На краю лагеря была сооружена деревянная трибуна, настолько высокая, чтобы каждый со своего места мог хорошо видеть происходящее. Калигула в своей обычной спешке назначил казнь обоих предателей на один день. Агриппину и Ливиллу принудили наблюдать за ней, стоя со связанными руками.

Гордо и спокойно поднялся Гетулик на возвышение, опустился на колени и склонил голову.

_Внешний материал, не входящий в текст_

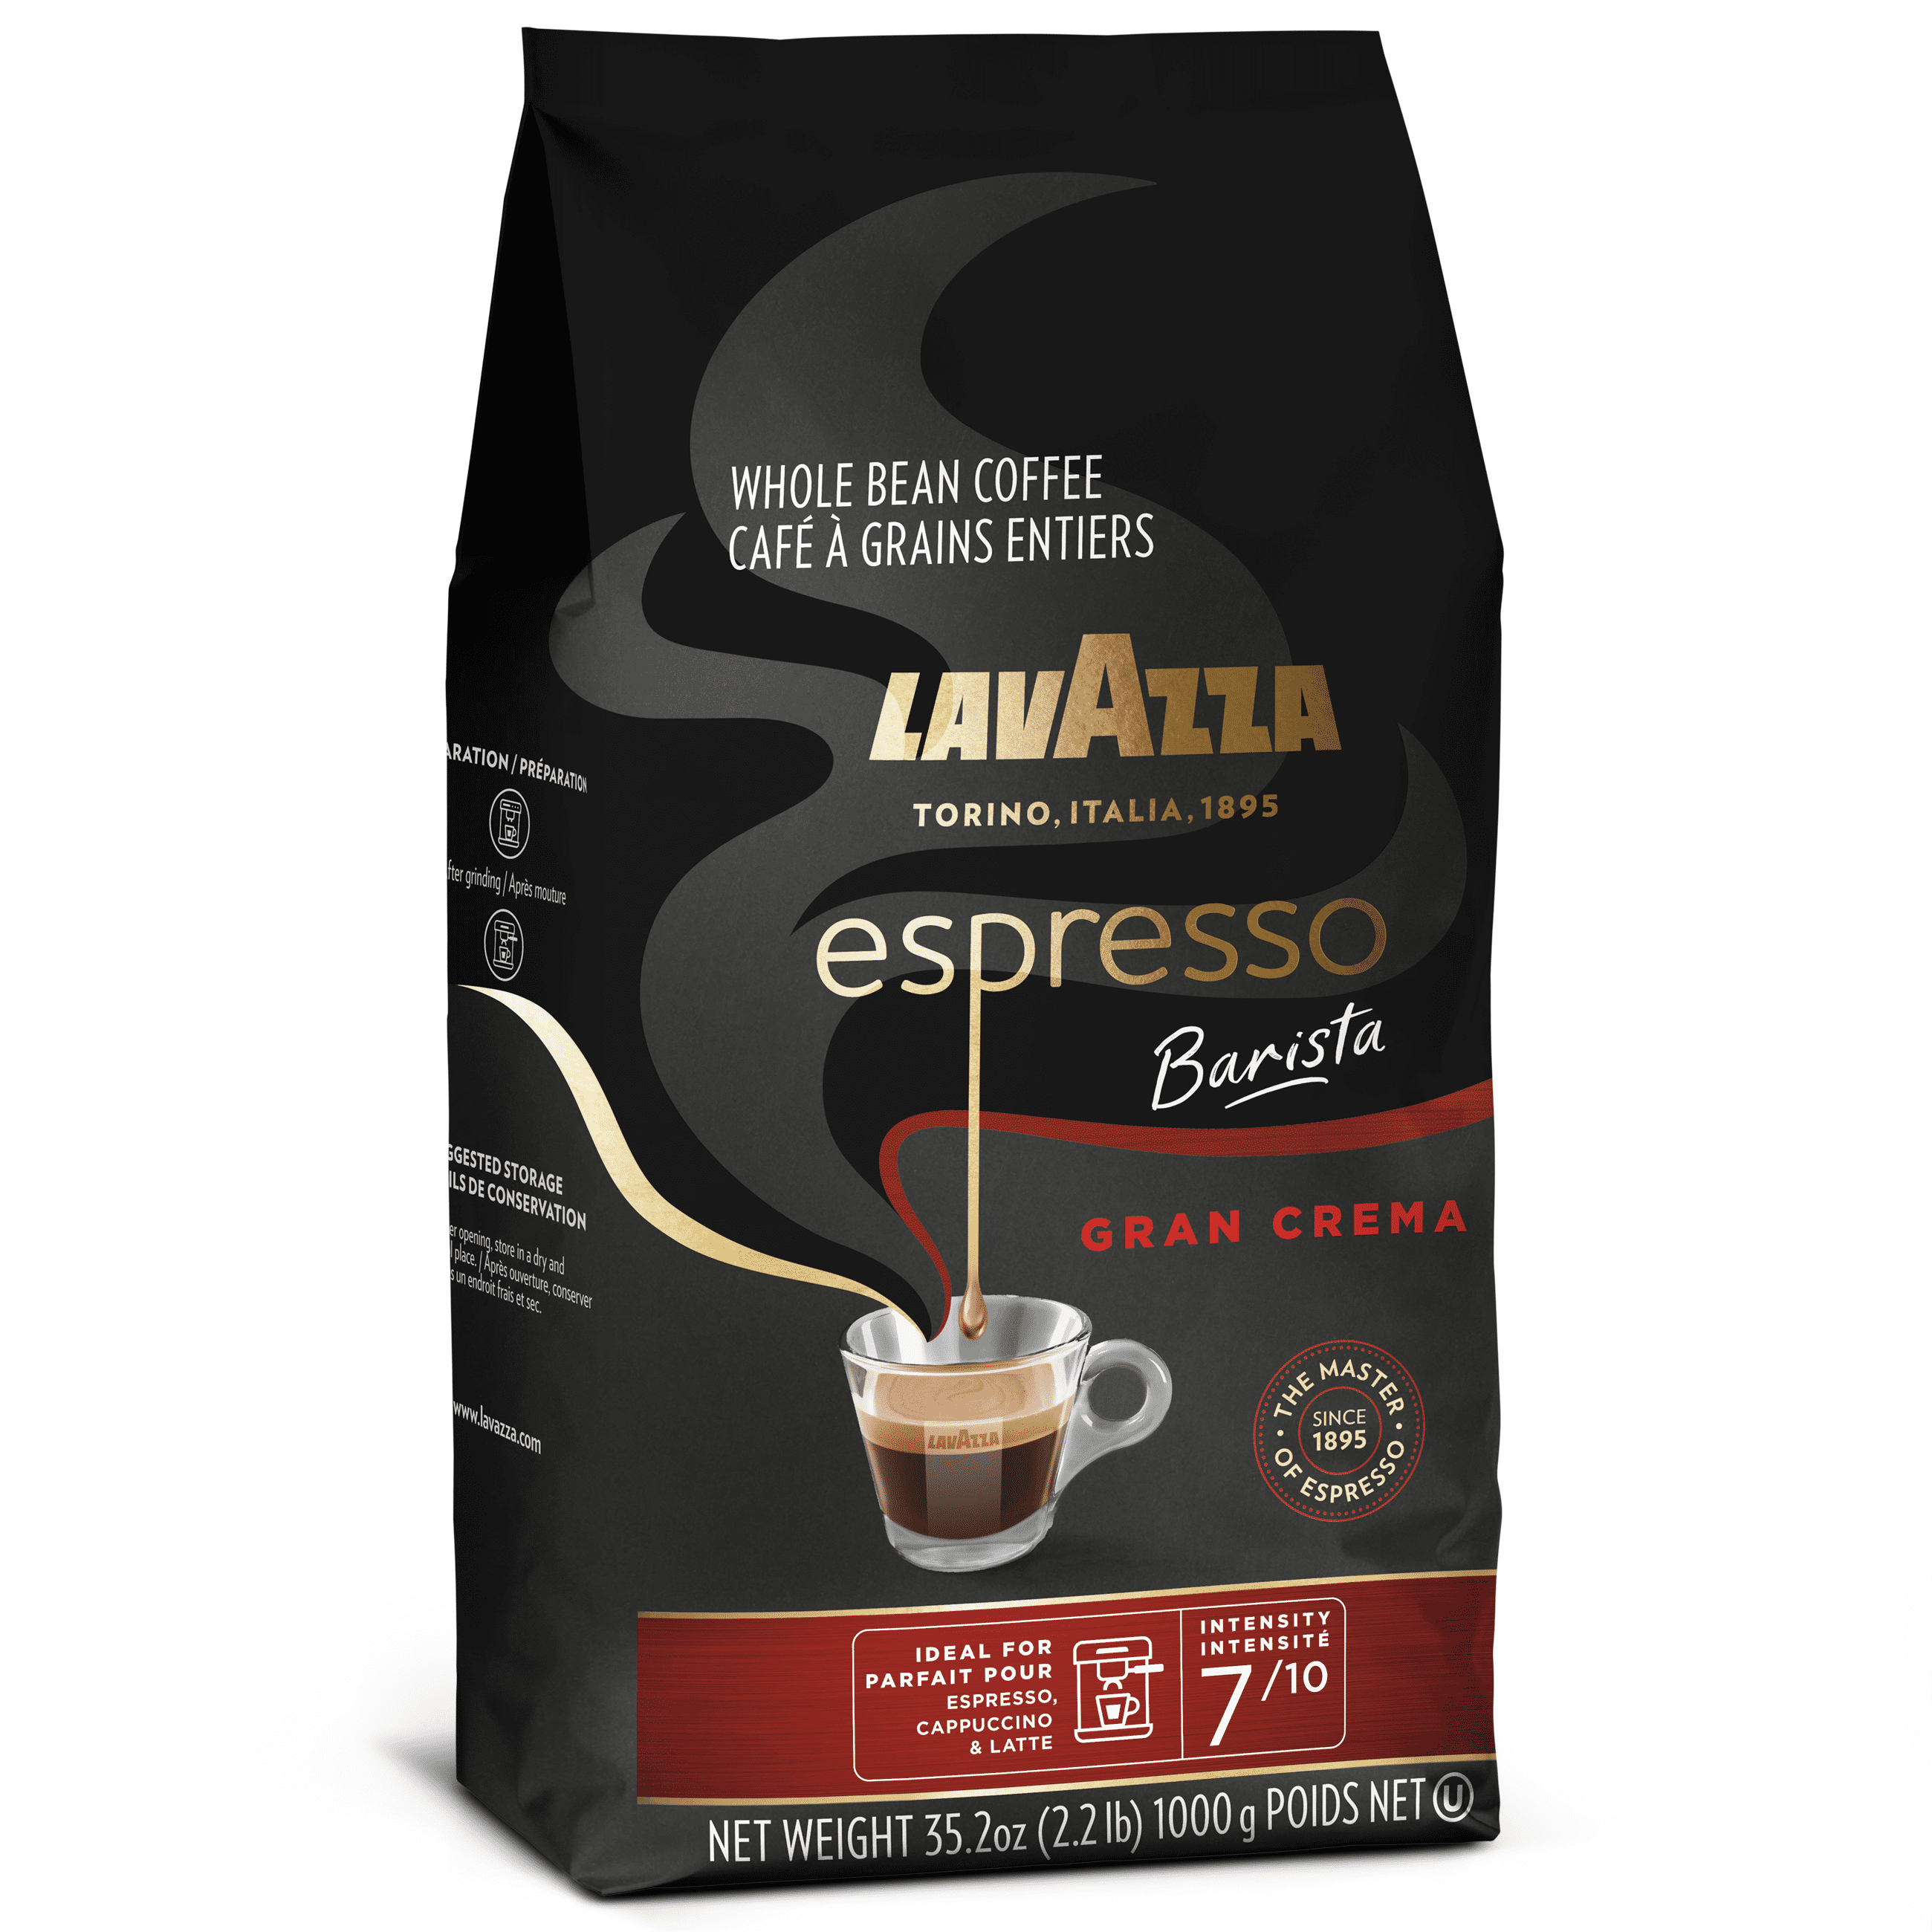 Gran crema. Lavazza Coffee Gran Espresso v zernax 1000gr. Espresso Barista кофе в зернах 1000г. Кофе в зернах Lavazza "Gran Espresso", 1000 г, 2134. Lavazza Gran crema (Гран крема) - кофе в чалдах.

Когда палач натренированным ударом отделил ее от плеч, Ливилла отвернулась, Агриппина же внимательно за всем наблюдала без видимого волнения.

Ее любовник Лепид, по жизни кутила и сластолюбец, даже и не думал молча встретить свой последний час. Он громко крикнул Калигуле:

— И ты скоро окажешься на моем месте, ты, старый развратник, любитель залезть в чужую задницу. Мы скоро с тобой…

Охранник ударил его эфесом по зубам. Лепид выплюнул кровь вместе с осколками зубов, выпятил зад в сторону Калигулы и принялся вихлять им, как дешевая проститутка. Палач схватил его за волосы и заставил склониться. Но Лепид не собирался вести себя смирно, и первый удар пришелся ему по плечу. Только после третьего удара голова его покатилась по деревянному настилу.

Агриппина прокричала Калигуле:

— Это было достойное прощание, ты его заслужил! Надеюсь, предсказание скоро исполнится!

Ее быстро увели, и толпа начала расходиться. Ни один не сомневался, что предатели получили по заслугам. Император и полководец должен быть строгим и справедливым, каковым и являлся Калигула в их глазах.


Император сразу же послал в Рим подробное сообщение о происшедших событиях. Сенат принес благодарственную жертву за его спасение и направил на Рейн делегацию, чтобы выразить свое поклонение божественному. К несчастью Клавдия Цезаря, именно ему поручили ее возглавлять.

Он пожаловался Каллисту:

— Почему не пошлют кого-нибудь помоложе? Я тяжело переношу путешествия, кроме того, я не уверен, что Калигула обрадуется моему появлению. Теперь, когда ты знаешь, что он хочет отделаться от меня… Возможно, он думает, что я тоже был замешан в заговоре, и прикажет меня потихоньку убрать. Только потому, что все сенаторы слишком трусливы, выбрали меня…

— Успокойся, Клавдий Цезарь! Мне все видится по-другому: поездка, наоборот, может стать для тебя выгодной. Возможно, император поручил кому-нибудь в Риме убрать тебя — прости мне ужасное выражение, но император сам употребляет его довольно часто. Если же ты окажешься в пути с официальной миссией, с тобой ничего не случится. И не торопись возвращаться! Притворись старым, больным человеком, которого утомило путешествие и которому необходимо поправиться в дальнем имении. Так мы выиграем время, Клавдий Цезарь, и, надеюсь, скоро наступят дни, когда мы сможем свободно вздохнуть — ты, я, изгнанные сестры императора, патриции, сенат, да и весь Рим!

Каллист владел даром убеждения, и Клавдий, немного успокоенный, отправился в дальний путь.

Прошло два месяца, а нога Хереи все еще оставалась слабой. Боль не уходила, и он едва мог ступить на ногу. Врач задумчиво качал головой.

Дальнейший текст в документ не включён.